Although renewable energy advocates said that the Treasury Department’s new guidelines amounted to an acceleration of the phaseout of federal support for wind and solar, there was widespread relief throughout the industry that the crackdown was not greater. Three of the four biggest gains on Wall Street for the day were posted by solar companies, led by Sunrun, the nation’s largest rooftop solar installer, with a 33 percent jump in price.

The new Treasury guidance came in response to an executive order Trump issued in the wake of the One Big Beautiful Bill Act that Congress passed six weeks ago. Wrangling among Republicans over the solar and wind tax credits threatened to derail the landmark legislation, until a compromise was reached that protected wind and solar projects from the phaseout of their tax credits if they started construction within the next 12 months.

The Treasury Department’s new guidance essentially changes the long-standing definition of what it means to “start construction.” Advocacy groups for the industry and environmental groups immediately protested that the new guidance flew in the face of the agreement that members of Congress reached.

“The Treasury Department’s decision to accelerate the phase out of clean energy tax credits undermines the integrity of our energy grid and our legislative process,” Jason Grumet, CEO of the American Clean Power Association, said in a statement. “In the One Big Beautiful Bill Act, Congress explicitly chose to provide energy companies with one year to phase out tax credits to keep energy prices low while meeting growing power demand.”

But some industry analysts believed renewables dodged a bullet. Wind and solar developers will still get four years to complete their credit-eligible projects. And although work will have to be continuous in order for a project to maintain eligibility for tax credits, the Treasury Department included a lengthy list of interruptions that will be considered excusable, such as work stoppages for severe weather or natural disasters, or for labor shortages or inability to obtain specialized equipment.

Climate advocates would have preferred the “rules to stay the same—just as they would have preferred the entire clean energy tax credit framework to remain as it had been when the Inflation Reduction Act passed in 2022,” said Pavel Molchanov, managing director of renewable energy and clean technology for the investment firm Raymond James. “But, considering the current political landscape, the outcome was about as benign as it could have been.”

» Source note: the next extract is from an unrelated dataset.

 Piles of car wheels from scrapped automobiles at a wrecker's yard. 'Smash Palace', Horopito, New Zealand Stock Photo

Previously, the Treasury Department viewed the start of construction as paying or incurring 5 percent of a project’s cost. That simple 5 percent test is eliminated for all projects that are greater than 1.5 megawatts. Instead, those projects will need to meet a more complex “physical work test” to qualify. Under the test, “work of a significant nature” must be performed, and the work must be continuous without interruption.

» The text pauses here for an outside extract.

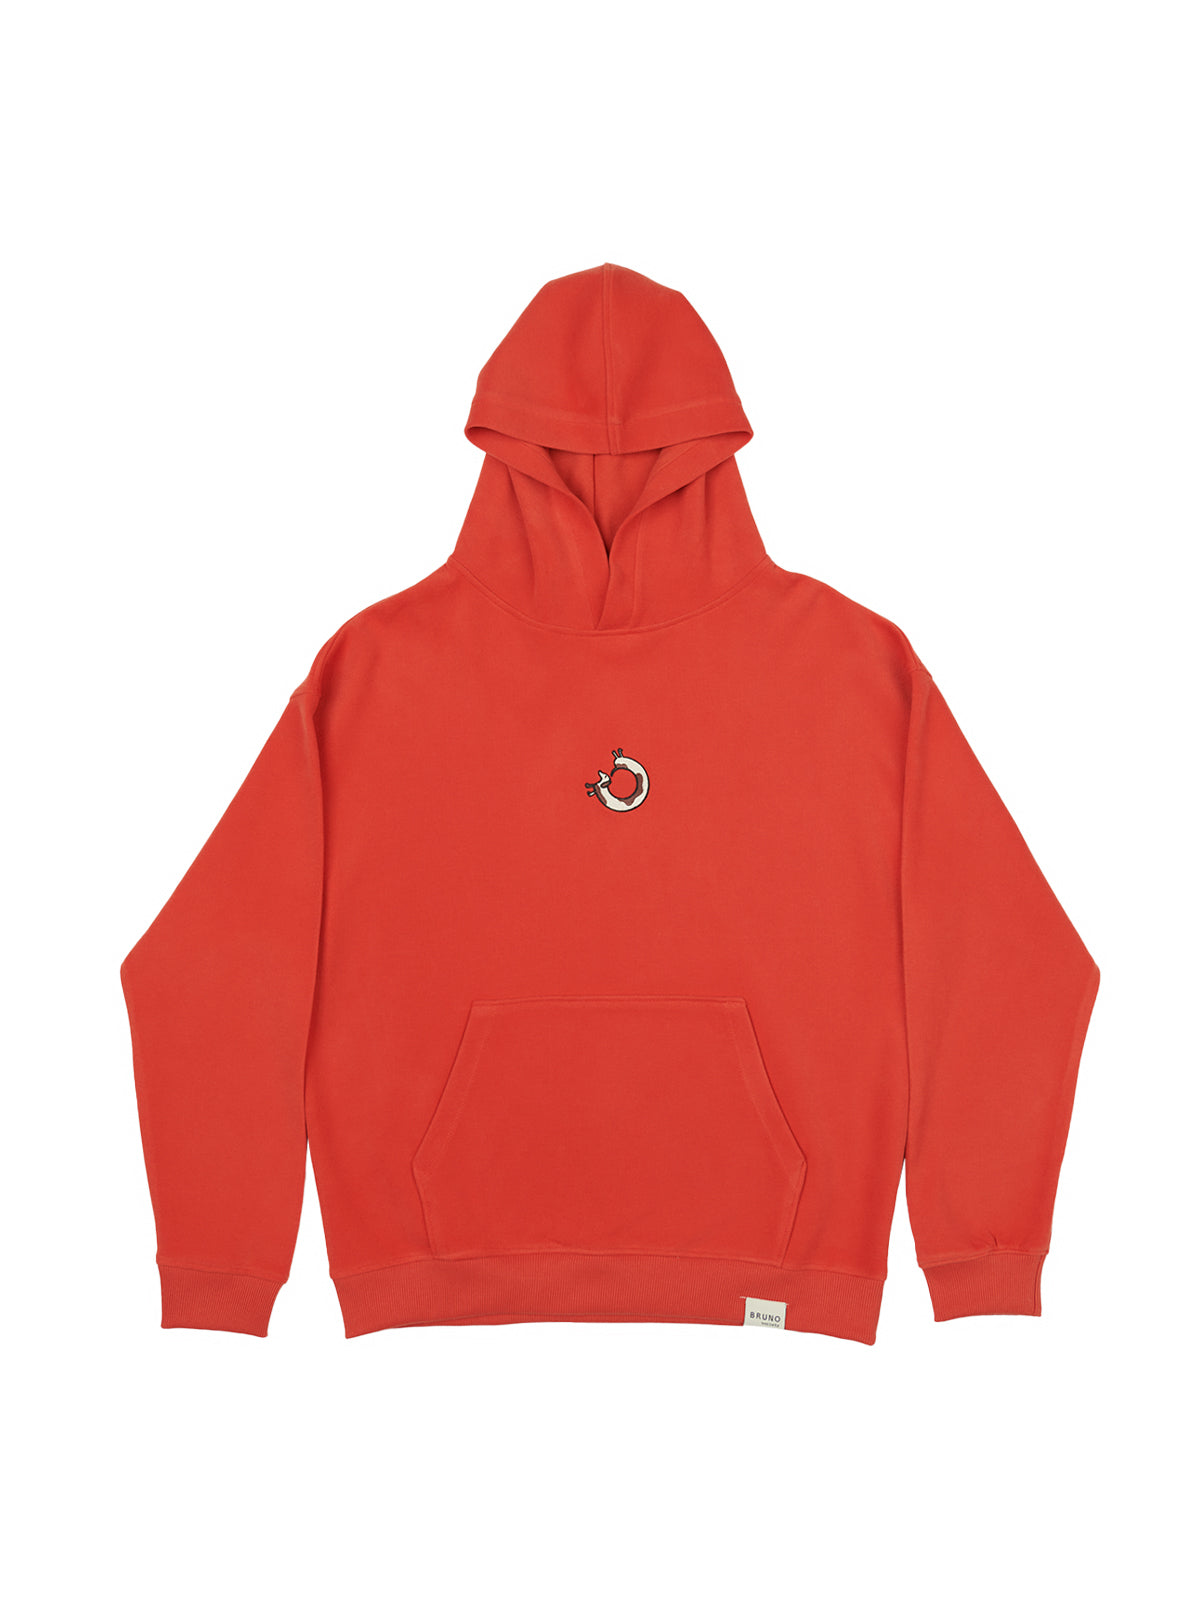 Matching Hoodie - Red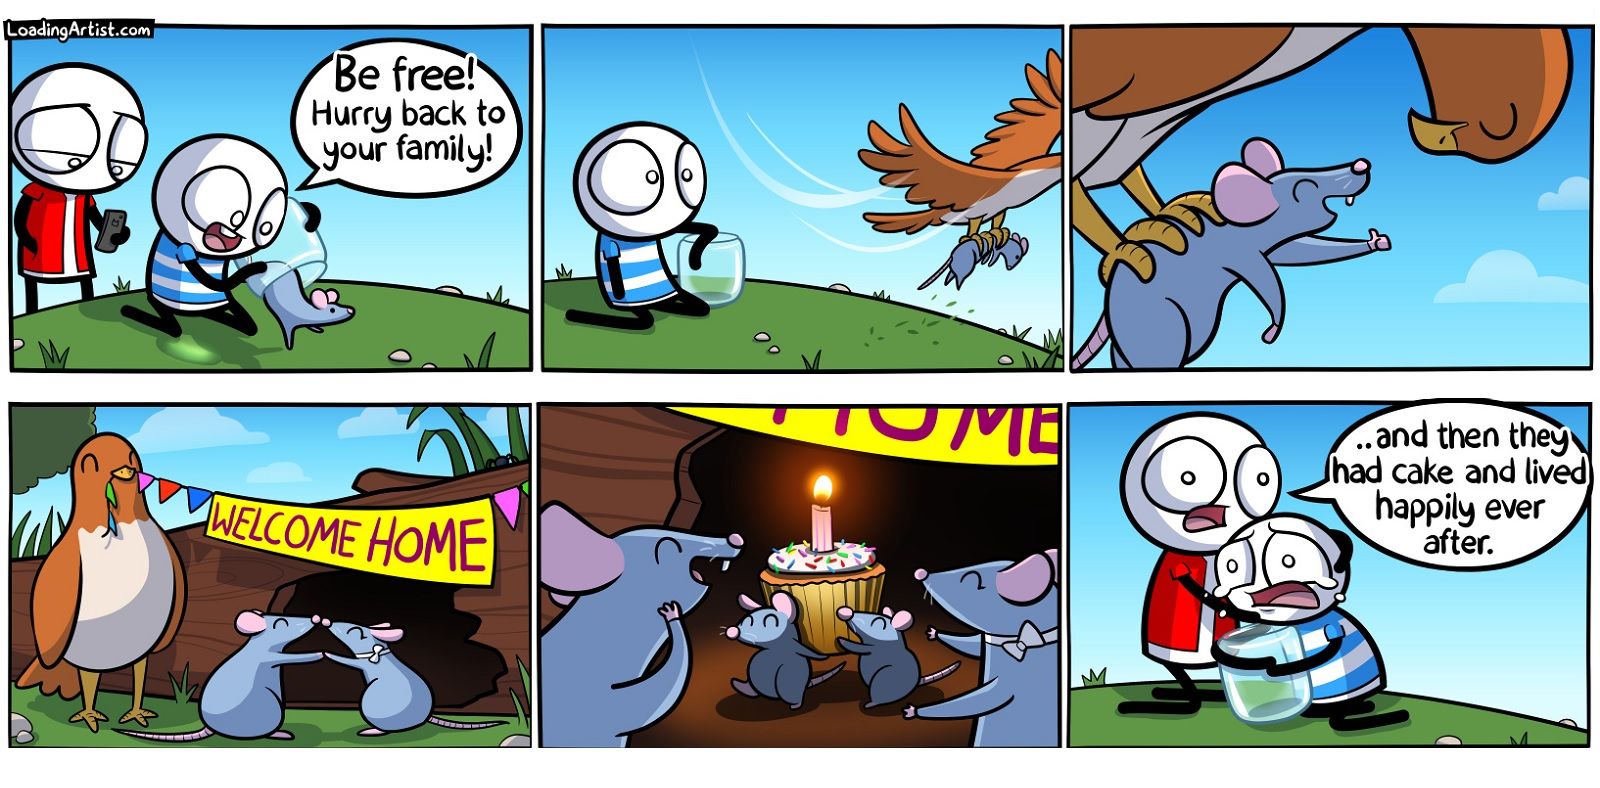 Best web comics around All the funnies you need to get through the week image 2

Because for most large projects, there will be no strict measure of what it means to begin work, such as the dollar amount of work done or the percentage of work completed, there will be more room for the Treasury Department to make judgment calls on whether work has started in time for the project to qualify for tax credits.

Kit Kennedy, managing director for power at the Natural Resources Defense Council, said the result will be uncertainty for projects and greater difficulty for companies in obtaining financing.

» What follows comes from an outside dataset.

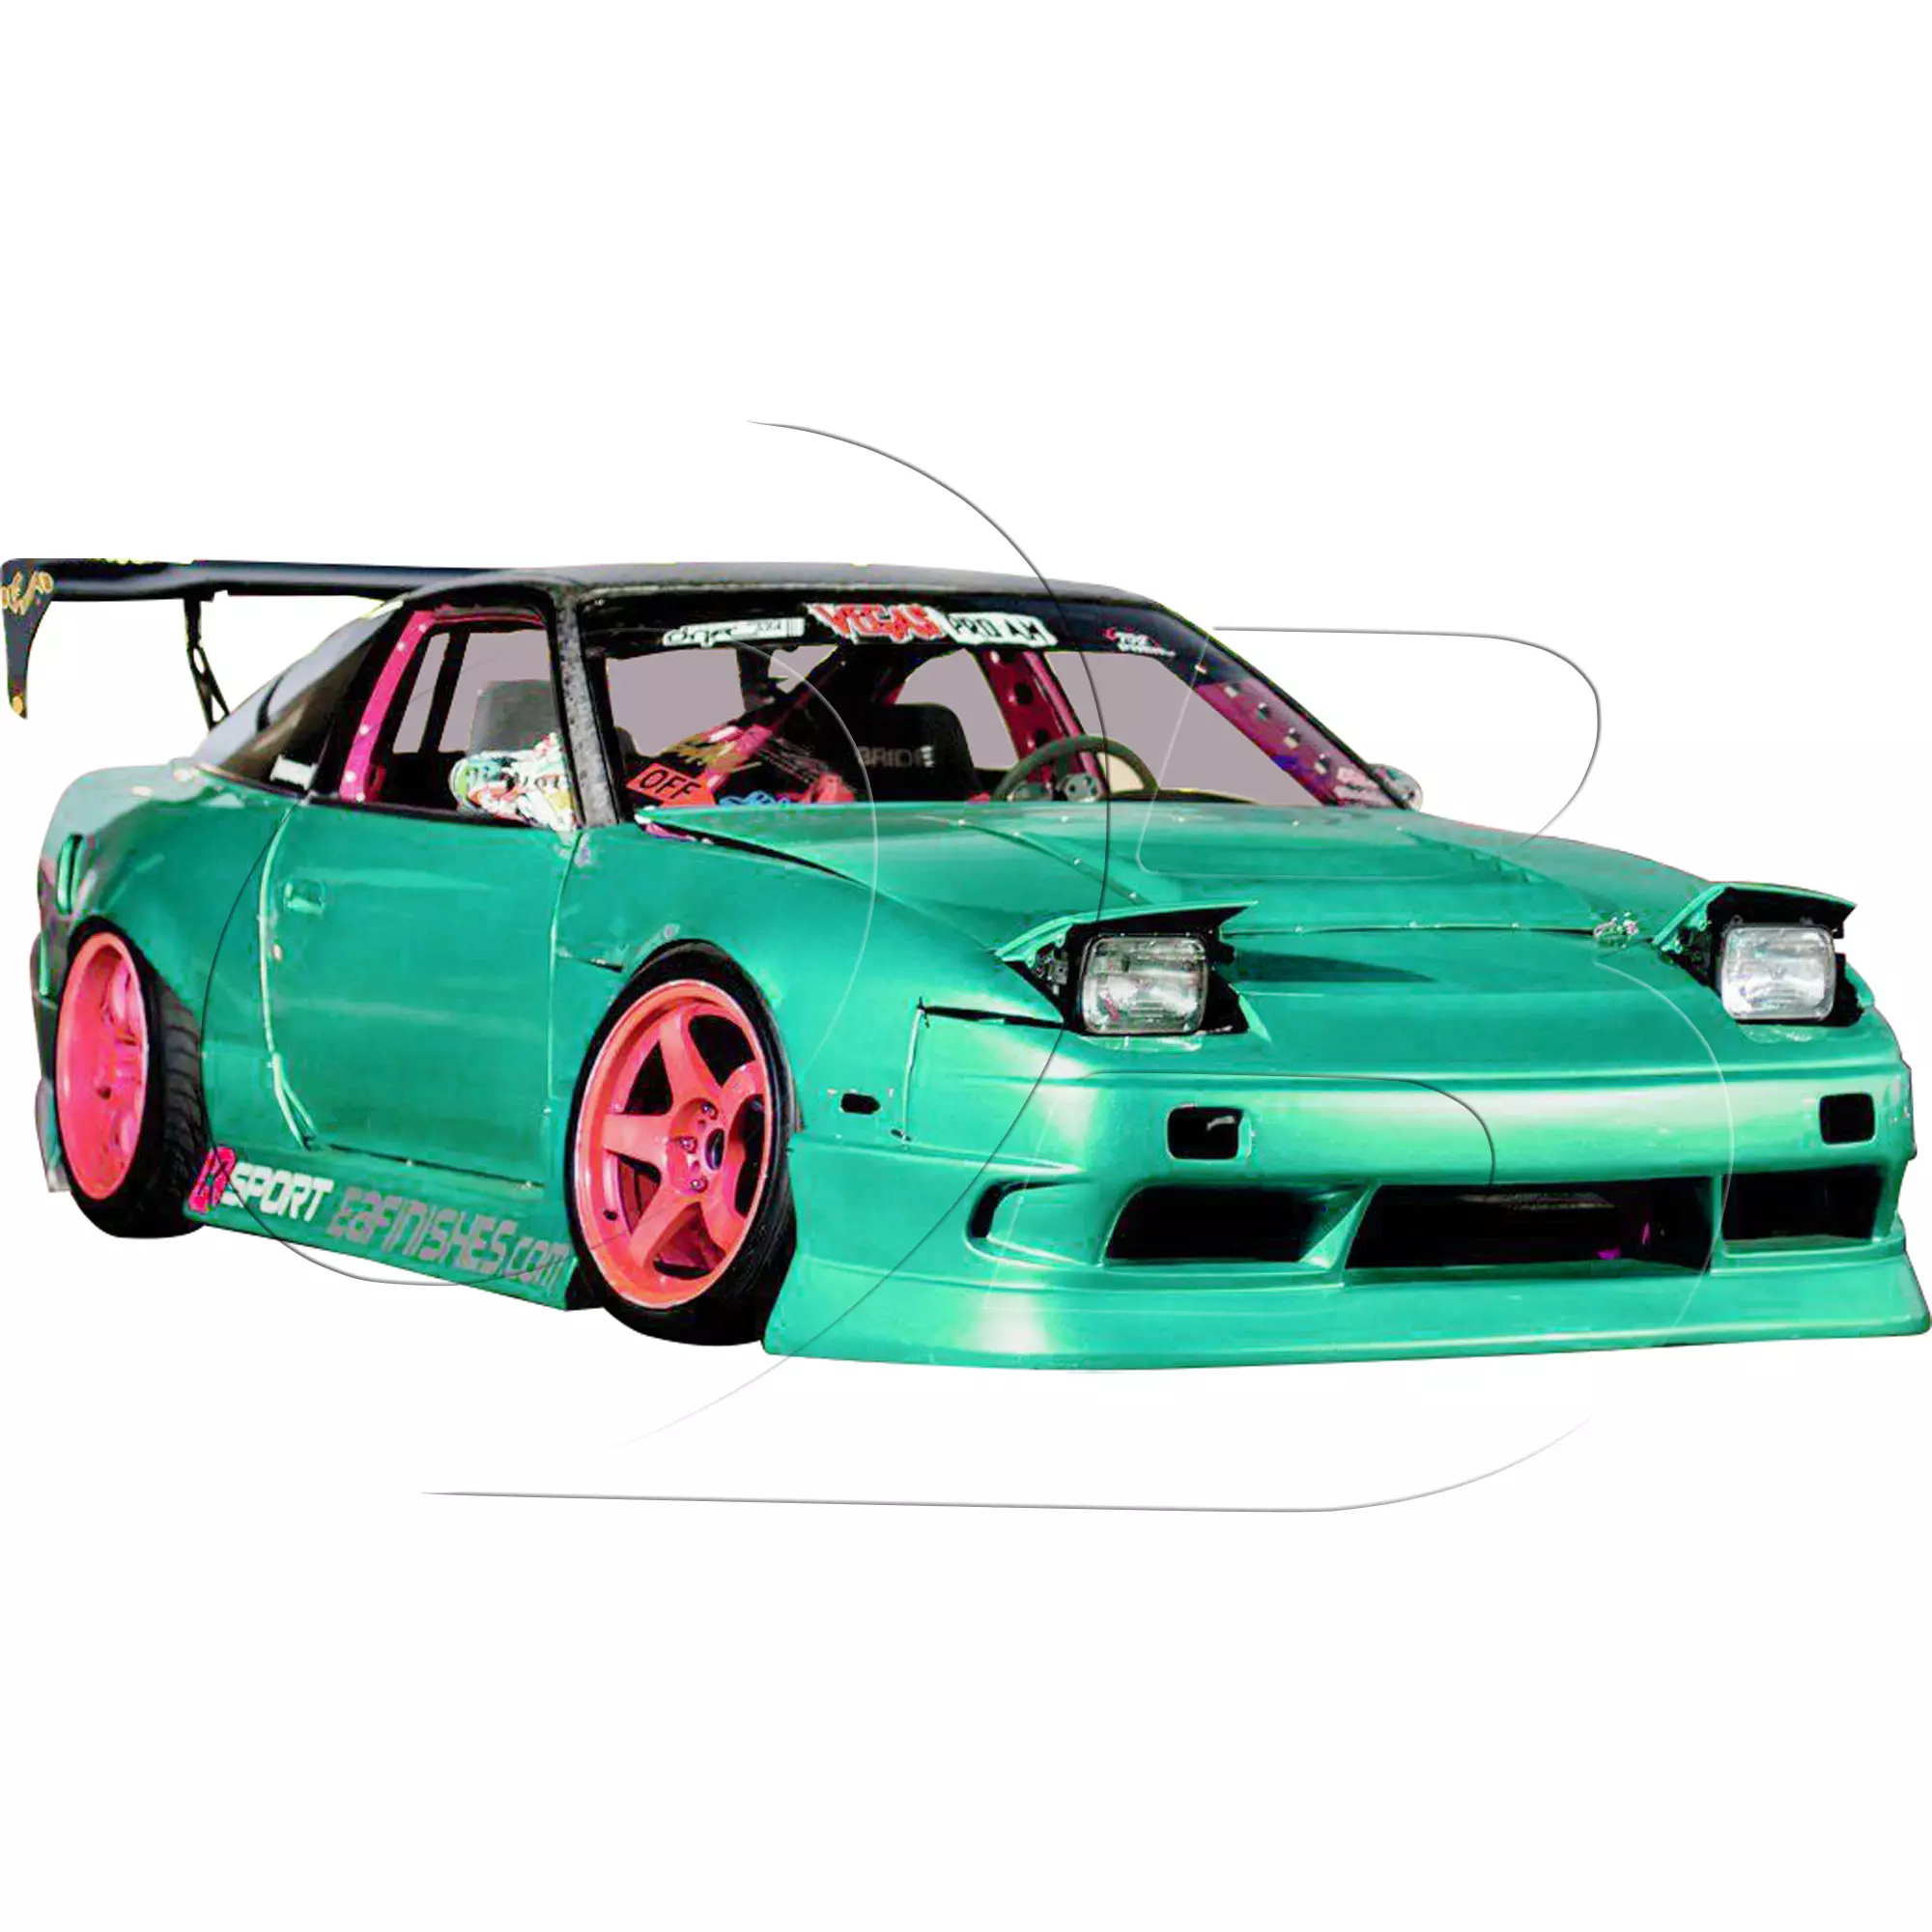 KBD Urethane Bsport2 Style 4pc Full Body Kit > Nissan 240SX 1989-1994 > 2dr Coupe - Image 7

“Congress provided a narrow but clear path for businesses bringing investments and jobs to communities around the country with new solar and wind projects, but this administration is trying to erect new roadblocks,” Kennedy said.

Soon after he signed the One Big Beautiful Bill, Trump issued an executive order directing the Treasury Department to rapidly “eliminate the market distortions and costs imposed on taxpayers by so-called ‘green’ energy subsidies.” The order reportedly came in response to the concerns of fiscal conservatives in the House who nearly derailed the bill in its final hours.

But two Republican advocates for wind and solar reportedly were pressing the Trump administration for lenience: Sens. Chuck Grassley of Iowa and John Curtis of Utah. Grassley announced he would maintain a hold on Trump’s Treasury nominees over the issue.

In an emailed statement on Friday, Grassley appeared optimistic about the impact of Treasury’s guidance, saying that it “seems to offer a viable path forward for the wind and solar industries to continue to meet increased energy demand.”

Curtis said he would be reviewing the new Treasury guidance to understand its full impact.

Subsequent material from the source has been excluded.